Once the pictures are set aside, transcribe each line of the data exactly.
(AVAILABLE DATA)
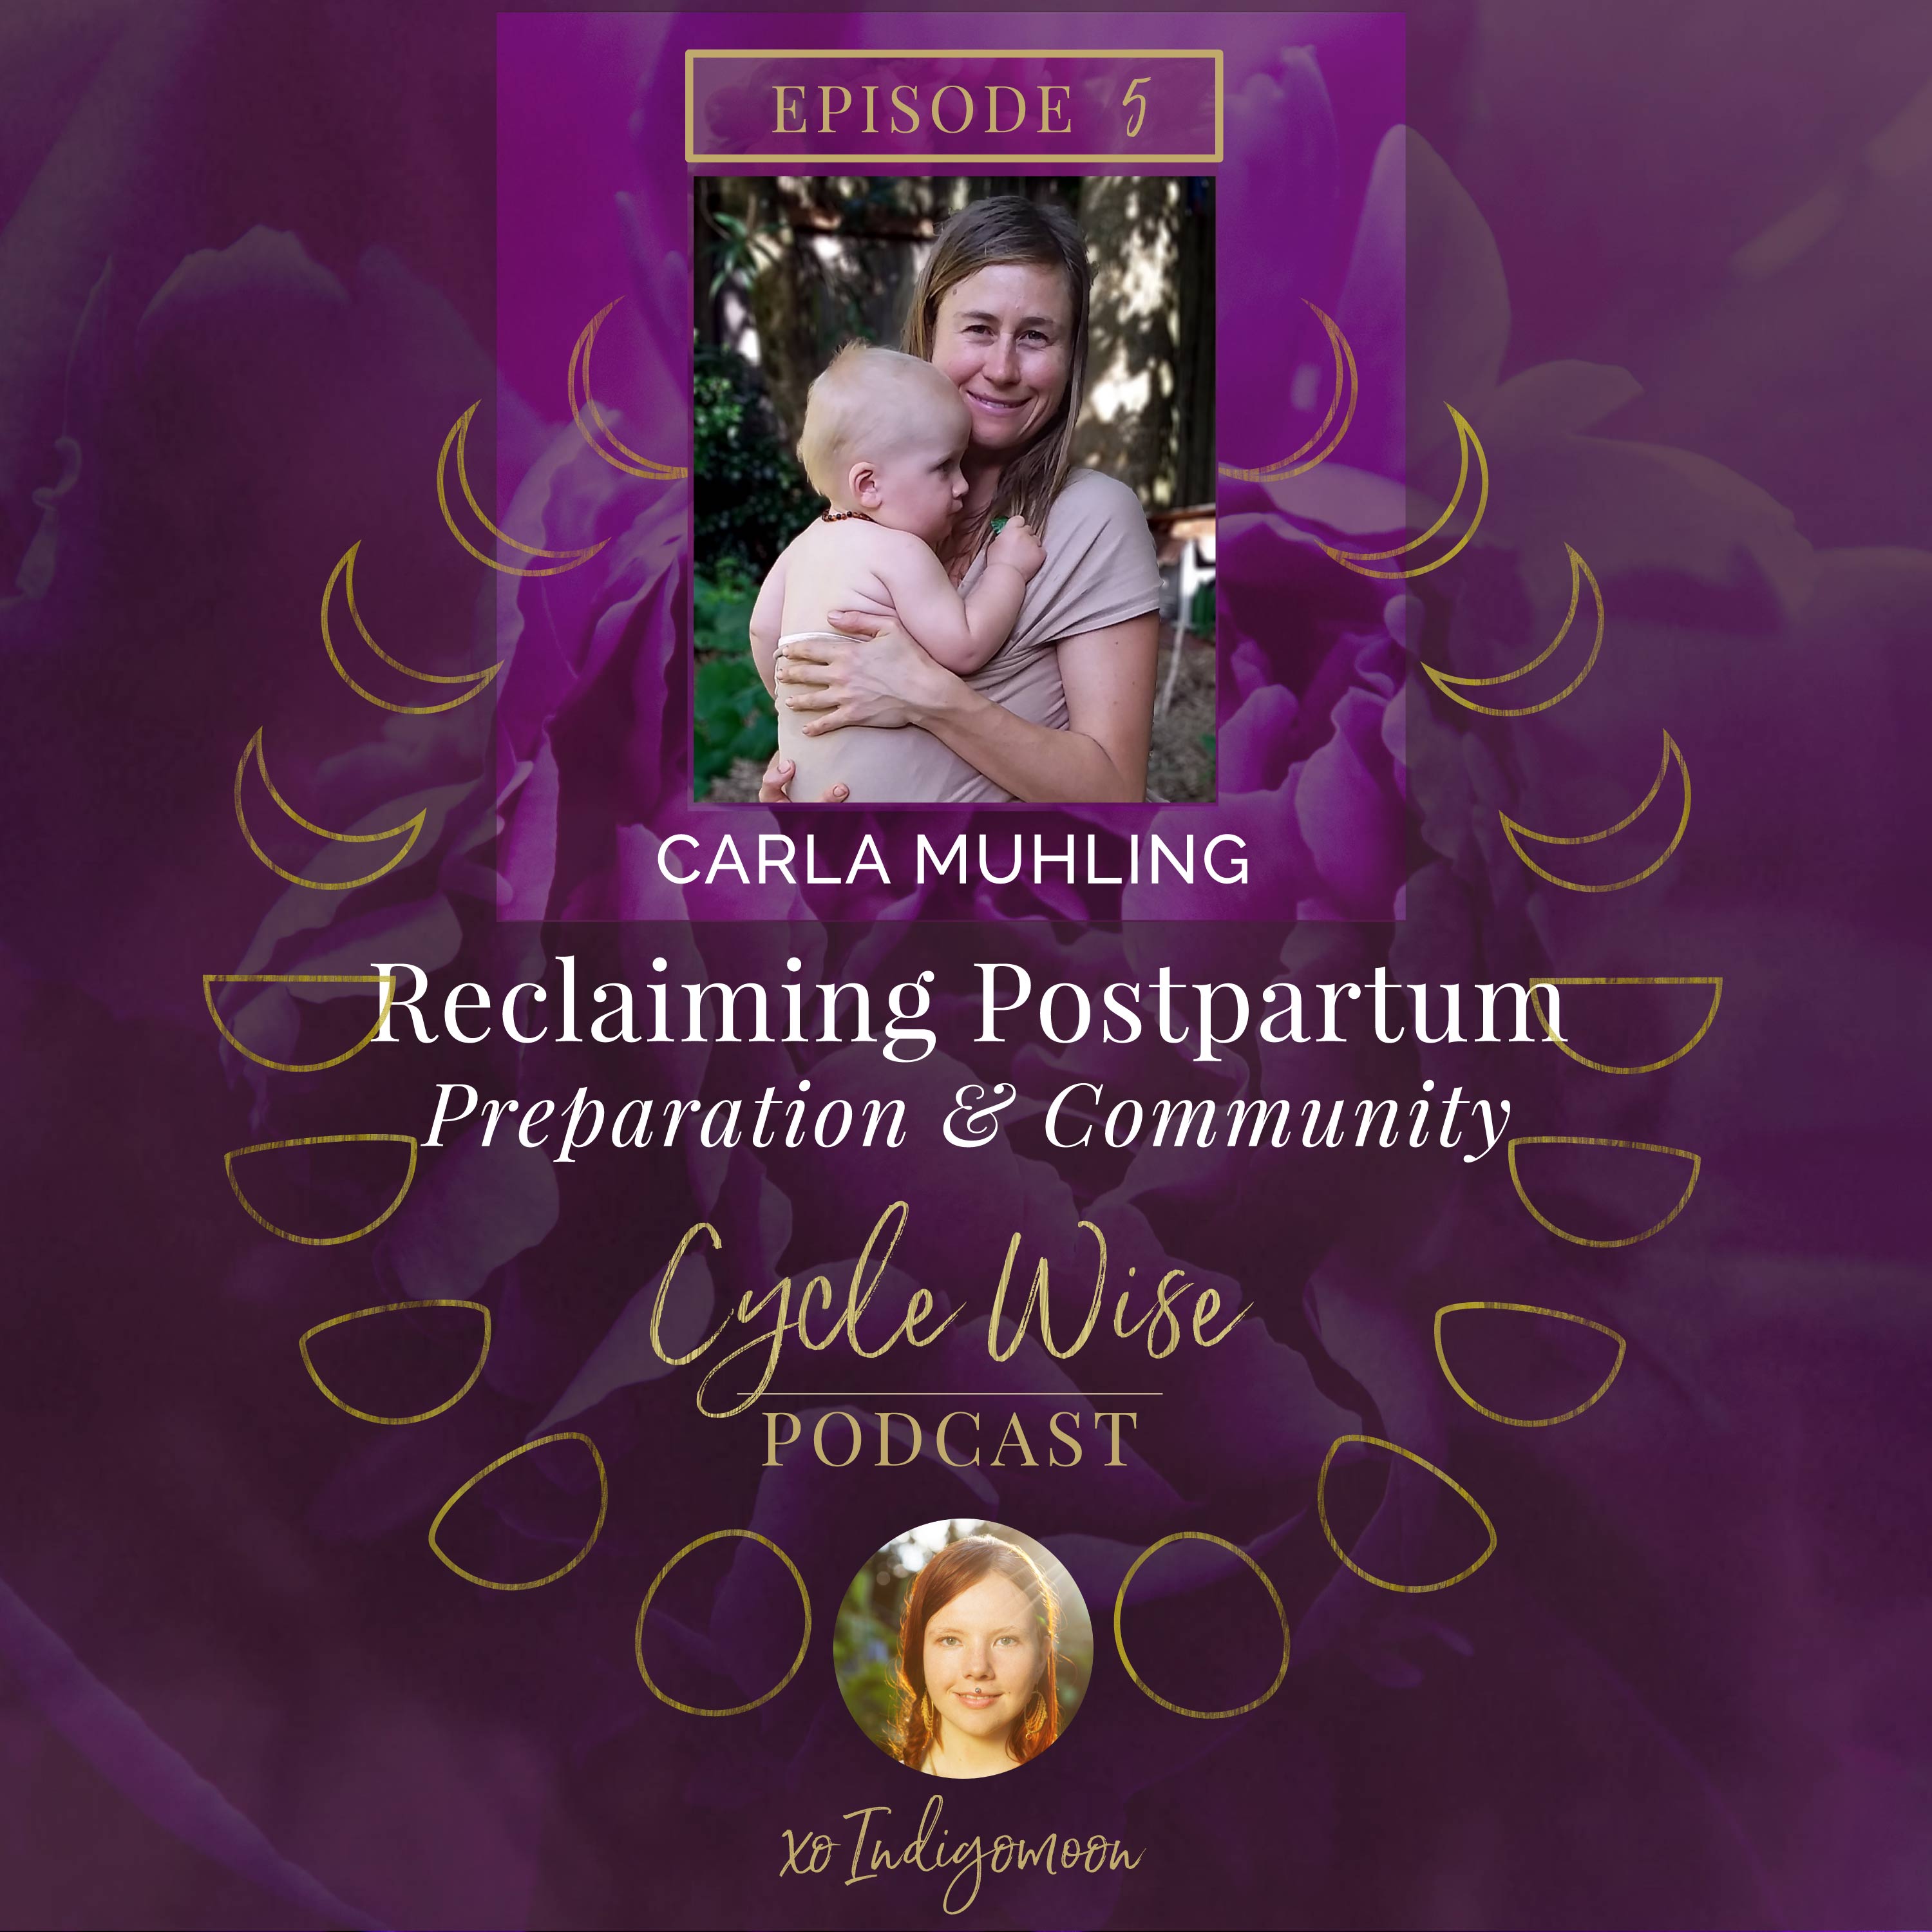 Reclaiming Postpartum – Preparation & Community with Carla Muhling
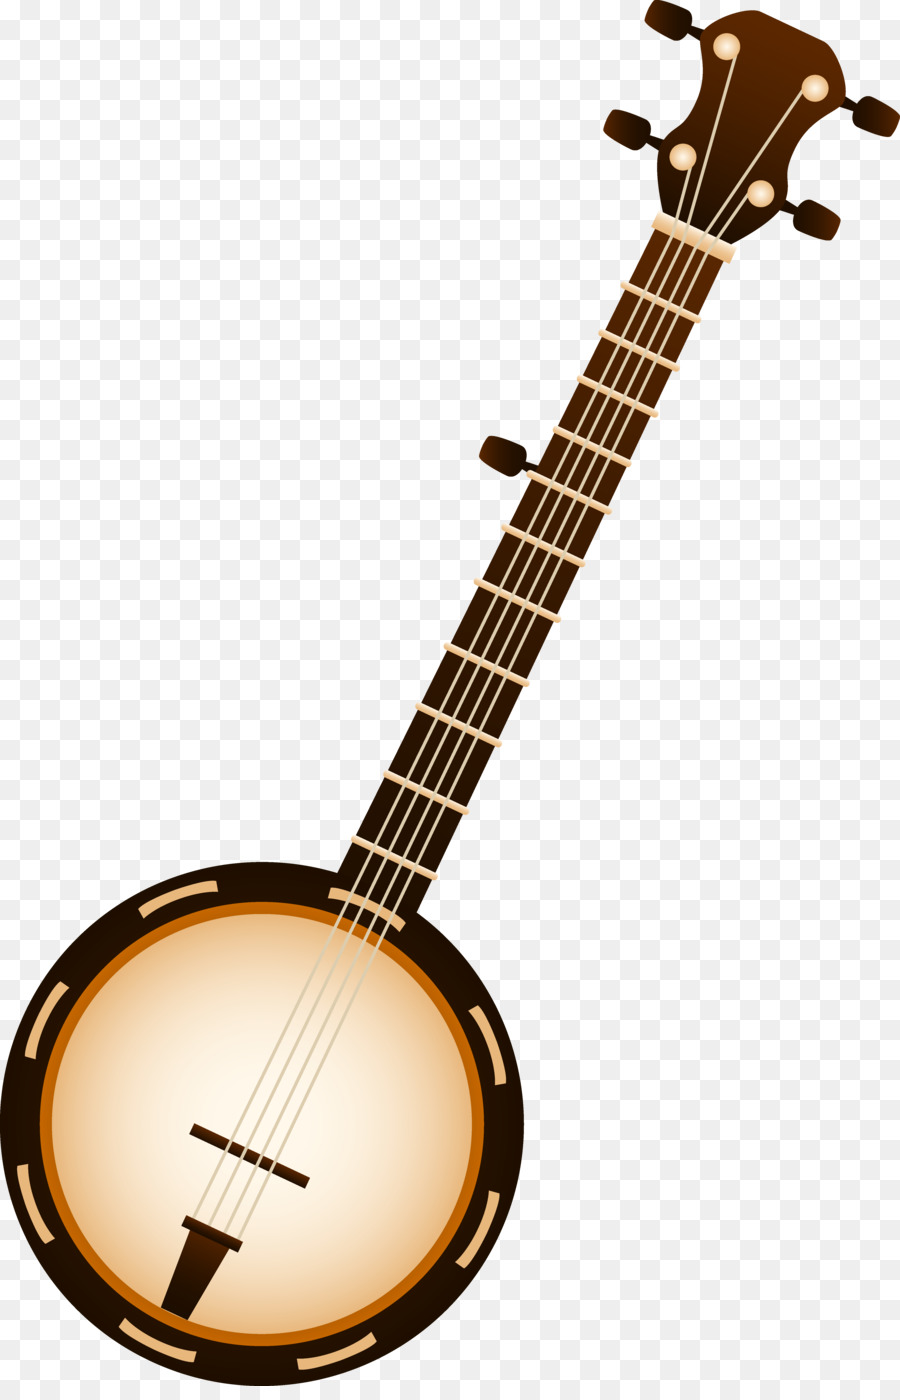 Banjo Drawing Bluegrass Clip art - Roommate Cliparts png download - 4802*7395 - Free Transparent Banjo png Download.
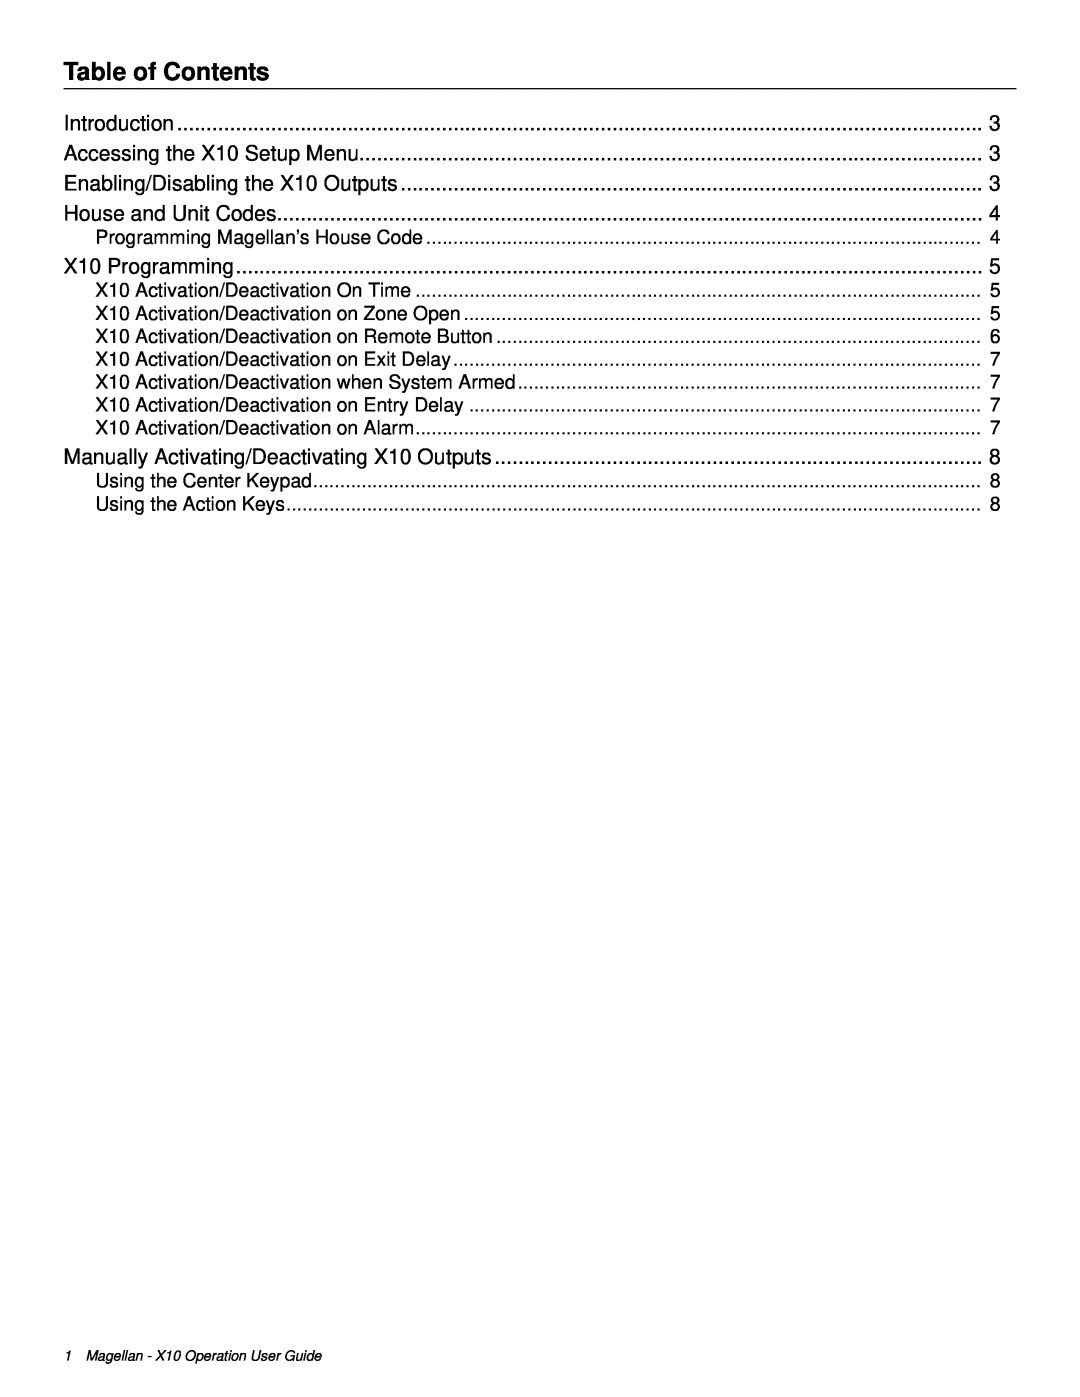 Magellan MG-6160 manual Table of Contents
(End AVAILABLE DATA)
__ANSWER__:
 Reclaiming Postpartum – Preparation & Community with Carla Muhling
 Banjo Drawing Bluegrass Clip art - Roommate Cliparts png download - 4802*7395 - Free Transparent Banjo png Download.
 Magellan MG-6160 manual Table of Contents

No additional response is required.